Information shown -
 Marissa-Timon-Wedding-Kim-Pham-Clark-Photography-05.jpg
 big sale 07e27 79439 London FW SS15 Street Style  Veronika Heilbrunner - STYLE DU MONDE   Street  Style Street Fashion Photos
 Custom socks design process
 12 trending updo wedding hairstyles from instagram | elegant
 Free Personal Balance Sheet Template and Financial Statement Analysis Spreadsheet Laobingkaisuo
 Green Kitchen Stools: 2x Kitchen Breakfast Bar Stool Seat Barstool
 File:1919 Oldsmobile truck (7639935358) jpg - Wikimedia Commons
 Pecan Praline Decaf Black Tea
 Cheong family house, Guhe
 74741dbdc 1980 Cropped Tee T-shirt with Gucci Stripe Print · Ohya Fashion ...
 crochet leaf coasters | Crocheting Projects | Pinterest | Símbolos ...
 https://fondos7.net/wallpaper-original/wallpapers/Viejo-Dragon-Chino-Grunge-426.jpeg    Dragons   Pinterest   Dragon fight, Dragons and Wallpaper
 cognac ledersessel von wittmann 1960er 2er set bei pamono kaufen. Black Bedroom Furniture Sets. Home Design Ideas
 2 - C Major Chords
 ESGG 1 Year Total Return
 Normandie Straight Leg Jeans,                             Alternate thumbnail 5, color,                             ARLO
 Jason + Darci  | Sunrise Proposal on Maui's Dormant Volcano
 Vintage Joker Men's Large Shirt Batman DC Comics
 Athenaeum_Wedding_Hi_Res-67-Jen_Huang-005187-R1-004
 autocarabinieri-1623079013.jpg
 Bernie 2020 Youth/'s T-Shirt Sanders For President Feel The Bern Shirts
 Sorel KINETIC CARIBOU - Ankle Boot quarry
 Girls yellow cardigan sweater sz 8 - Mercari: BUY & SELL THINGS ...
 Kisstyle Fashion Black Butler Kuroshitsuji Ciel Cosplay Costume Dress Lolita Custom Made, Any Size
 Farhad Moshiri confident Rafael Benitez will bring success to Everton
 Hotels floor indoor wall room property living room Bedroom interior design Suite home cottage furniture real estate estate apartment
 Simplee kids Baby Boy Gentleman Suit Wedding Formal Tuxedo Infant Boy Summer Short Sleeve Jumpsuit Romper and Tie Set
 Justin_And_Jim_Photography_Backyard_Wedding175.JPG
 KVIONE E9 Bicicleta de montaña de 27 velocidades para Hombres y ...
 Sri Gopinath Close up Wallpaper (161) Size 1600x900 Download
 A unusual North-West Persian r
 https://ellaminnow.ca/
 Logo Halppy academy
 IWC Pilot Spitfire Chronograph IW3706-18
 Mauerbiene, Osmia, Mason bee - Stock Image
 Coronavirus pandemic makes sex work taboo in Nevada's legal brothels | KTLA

Your assignment - Output only an exact transcription of the lines above from the one with "Cheong family house, Guhe" up to and including the one with "Hotels floor indoor".

Answer section -
 Cheong family house, Guhe
 74741dbdc 1980 Cropped Tee T-shirt with Gucci Stripe Print · Ohya Fashion ...
 crochet leaf coasters | Crocheting Projects | Pinterest | Símbolos ...
 https://fondos7.net/wallpaper-original/wallpapers/Viejo-Dragon-Chino-Grunge-426.jpeg    Dragons   Pinterest   Dragon fight, Dragons and Wallpaper
 cognac ledersessel von wittmann 1960er 2er set bei pamono kaufen. Black Bedroom Furniture Sets. Home Design Ideas
 2 - C Major Chords
 ESGG 1 Year Total Return
 Normandie Straight Leg Jeans,                             Alternate thumbnail 5, color,                             ARLO
 Jason + Darci  | Sunrise Proposal on Maui's Dormant Volcano
 Vintage Joker Men's Large Shirt Batman DC Comics
 Athenaeum_Wedding_Hi_Res-67-Jen_Huang-005187-R1-004
 autocarabinieri-1623079013.jpg
 Bernie 2020 Youth/'s T-Shirt Sanders For President Feel The Bern Shirts
 Sorel KINETIC CARIBOU - Ankle Boot quarry
 Girls yellow cardigan sweater sz 8 - Mercari: BUY & SELL THINGS ...
 Kisstyle Fashion Black Butler Kuroshitsuji Ciel Cosplay Costume Dress Lolita Custom Made, Any Size
 Farhad Moshiri confident Rafael Benitez will bring success to Everton
 Hotels floor indoor wall room property living room Bedroom interior design Suite home cottage furniture real estate estate apartment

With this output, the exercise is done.